▶ **Supplied material**:
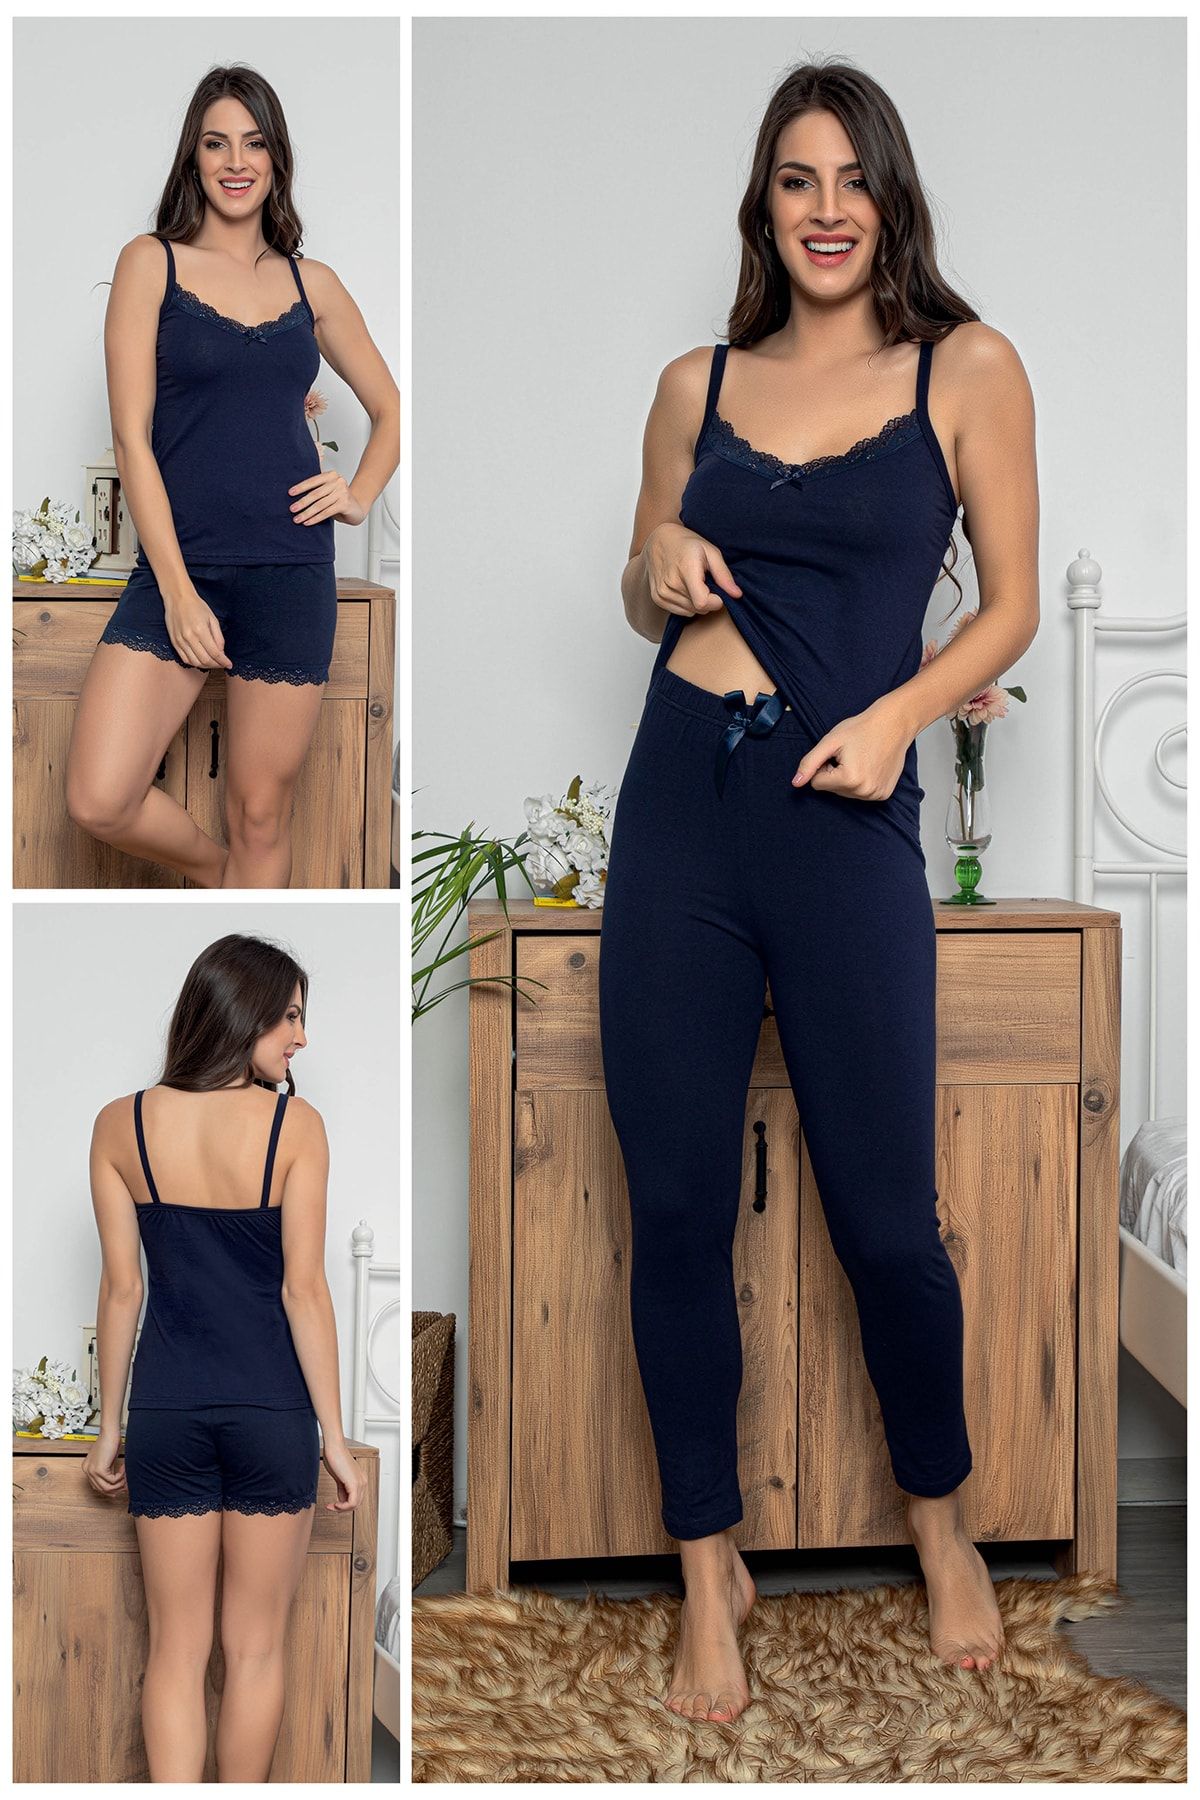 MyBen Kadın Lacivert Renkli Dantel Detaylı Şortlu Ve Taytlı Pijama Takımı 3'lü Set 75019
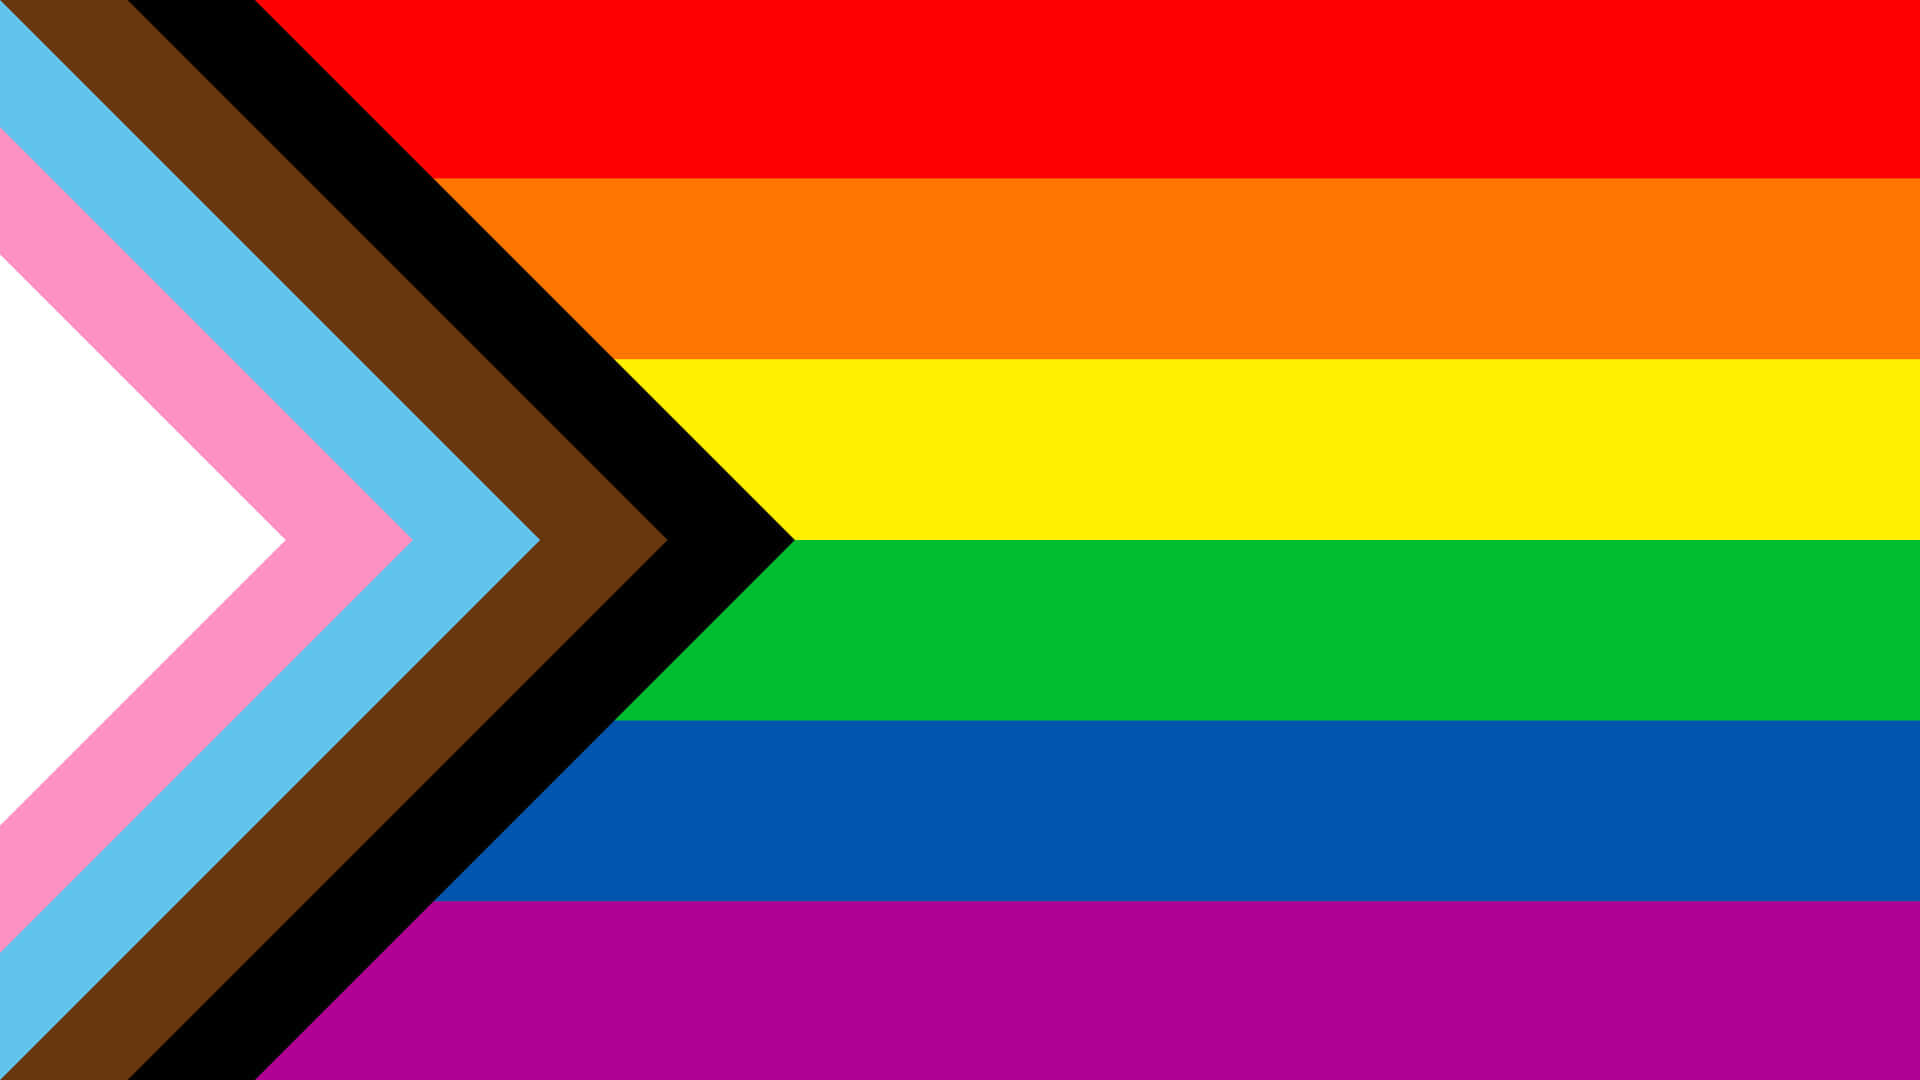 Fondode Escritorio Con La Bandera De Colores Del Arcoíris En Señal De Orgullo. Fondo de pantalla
* * *
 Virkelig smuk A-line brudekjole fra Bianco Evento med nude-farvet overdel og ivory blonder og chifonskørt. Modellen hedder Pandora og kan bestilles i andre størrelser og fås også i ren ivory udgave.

▶ **Work task**: Start with the line above containing "MyBen Kadın Lacivert" and end with the line containing "Fondode Escritorio Con". Set down that stretch exactly, without any pictures.

▶ **Task response**:
 MyBen Kadın Lacivert Renkli Dantel Detaylı Şortlu Ve Taytlı Pijama Takımı 3'lü Set 75019
 Fondode Escritorio Con La Bandera De Colores Del Arcoíris En Señal De Orgullo. Fondo de pantalla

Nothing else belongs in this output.